===== DATASET SECTION

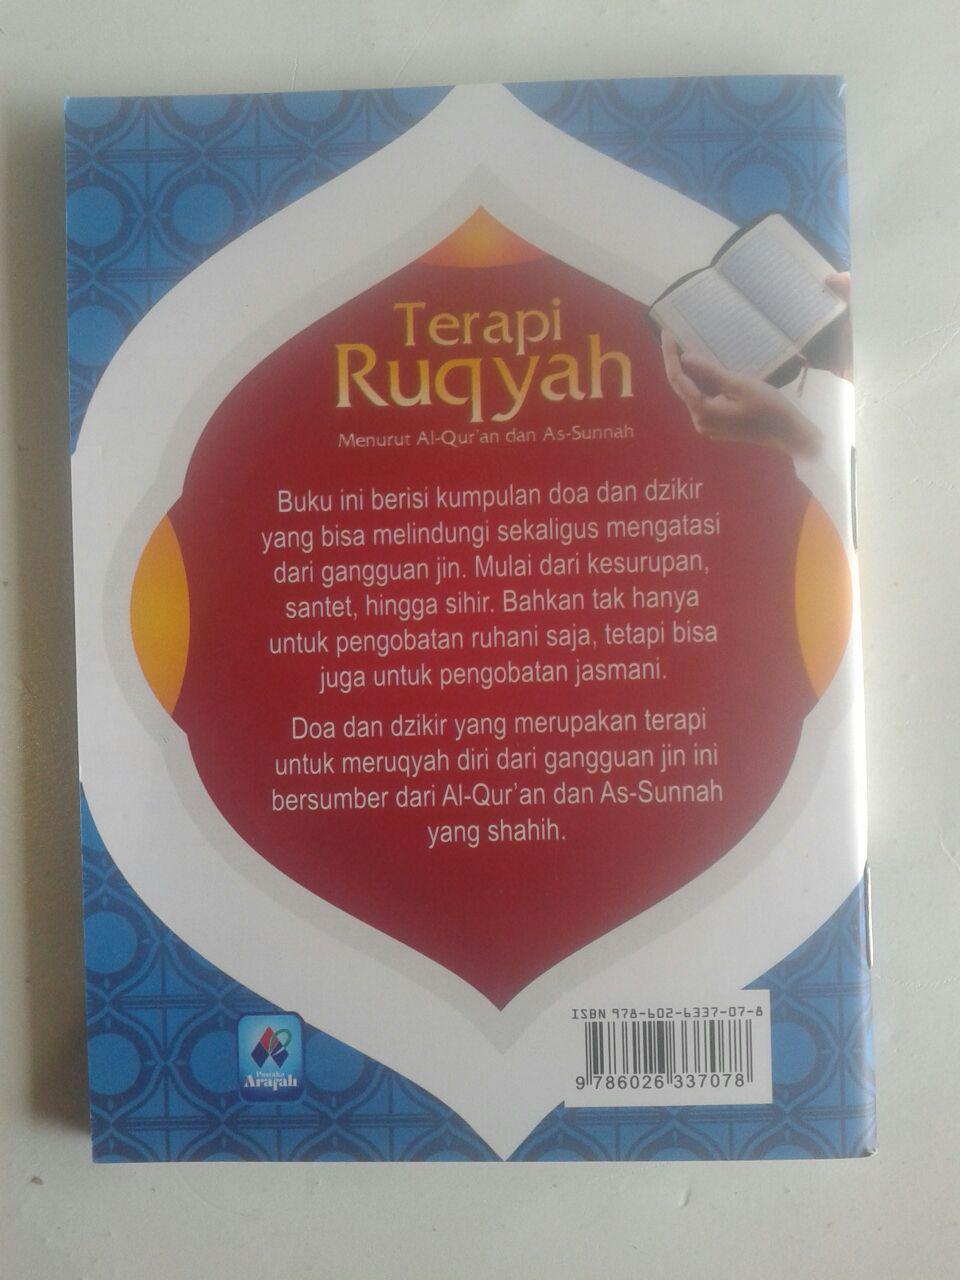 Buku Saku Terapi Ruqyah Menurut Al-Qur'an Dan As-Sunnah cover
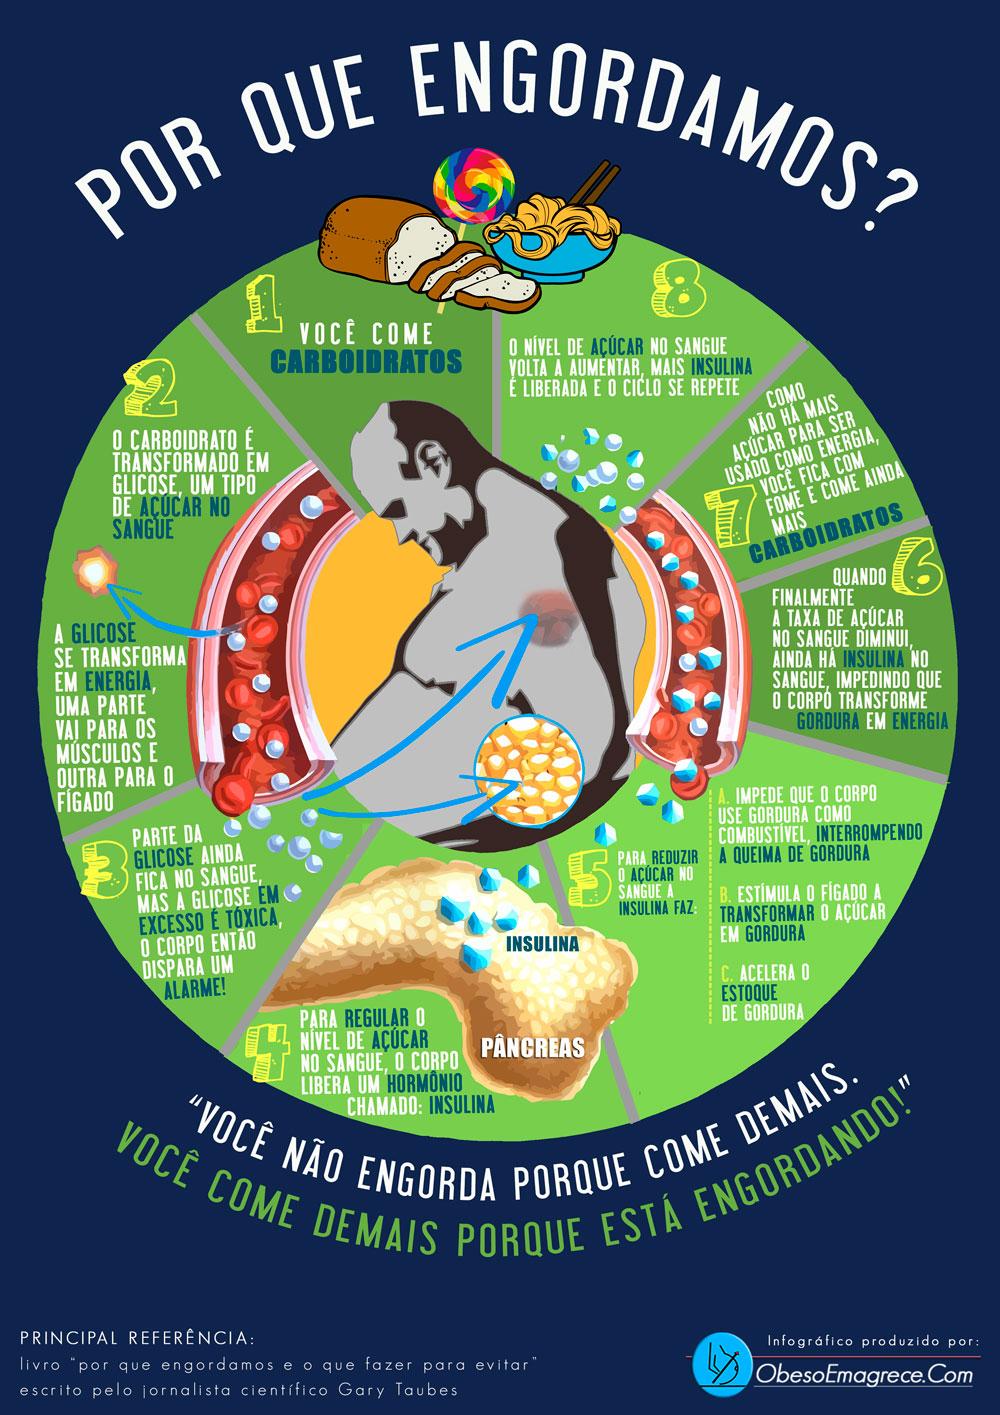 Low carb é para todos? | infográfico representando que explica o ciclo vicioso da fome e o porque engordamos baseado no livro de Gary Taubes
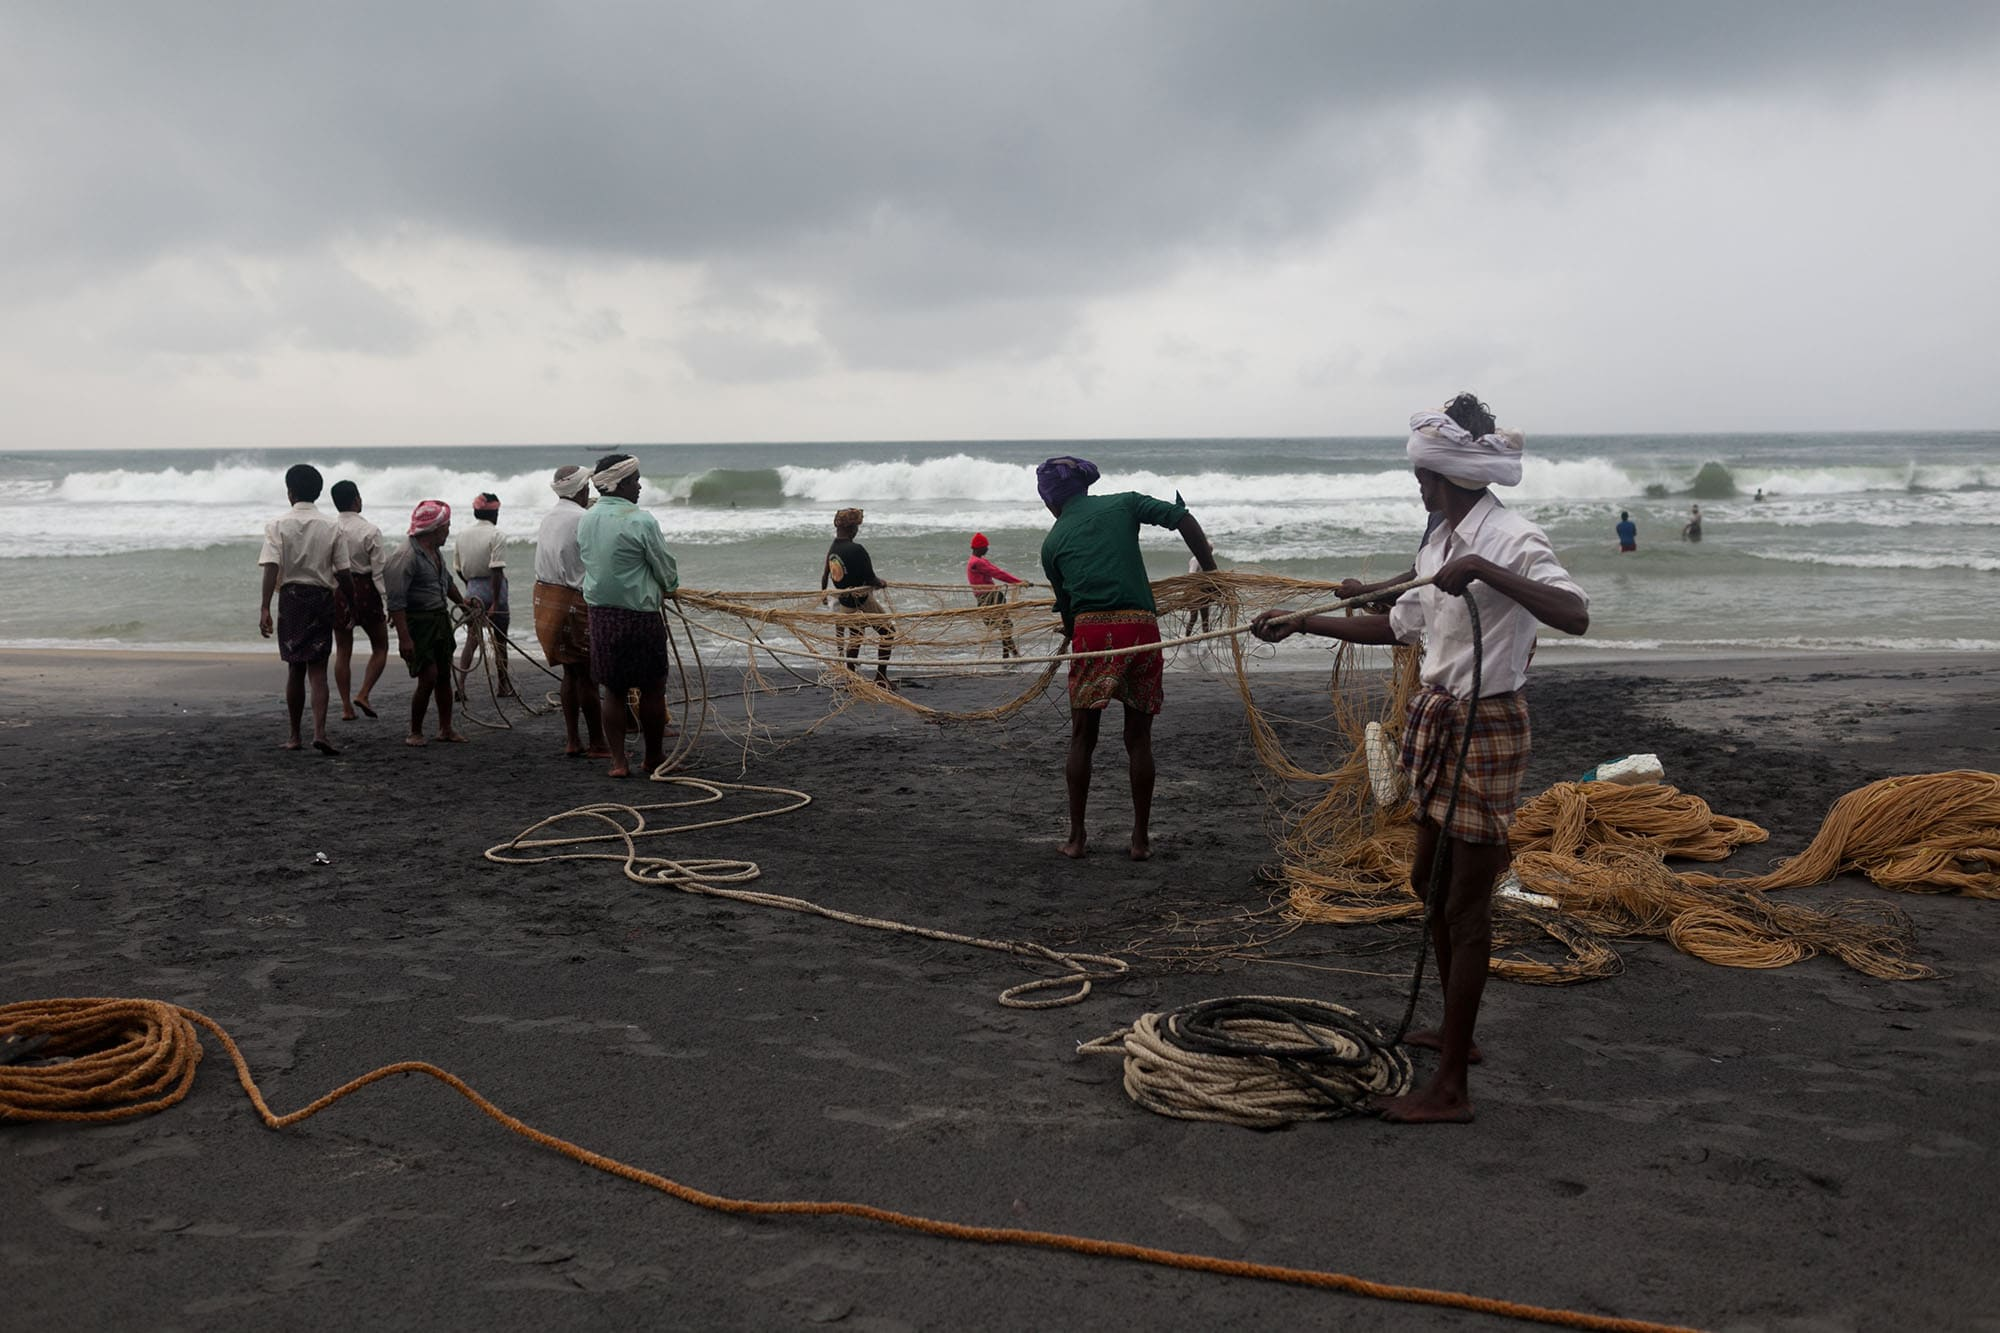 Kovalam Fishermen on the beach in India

==========

- WHAT THE EXERCISE ASKS -
Print every line of the listing exactly, please, and leave the images out.

- RESULT OF THIS TASK -
 Buku Saku Terapi Ruqyah Menurut Al-Qur'an Dan As-Sunnah cover
 Low carb é para todos? | infográfico representando que explica o ciclo vicioso da fome e o porque engordamos baseado no livro de Gary Taubes
 Kovalam Fishermen on the beach in India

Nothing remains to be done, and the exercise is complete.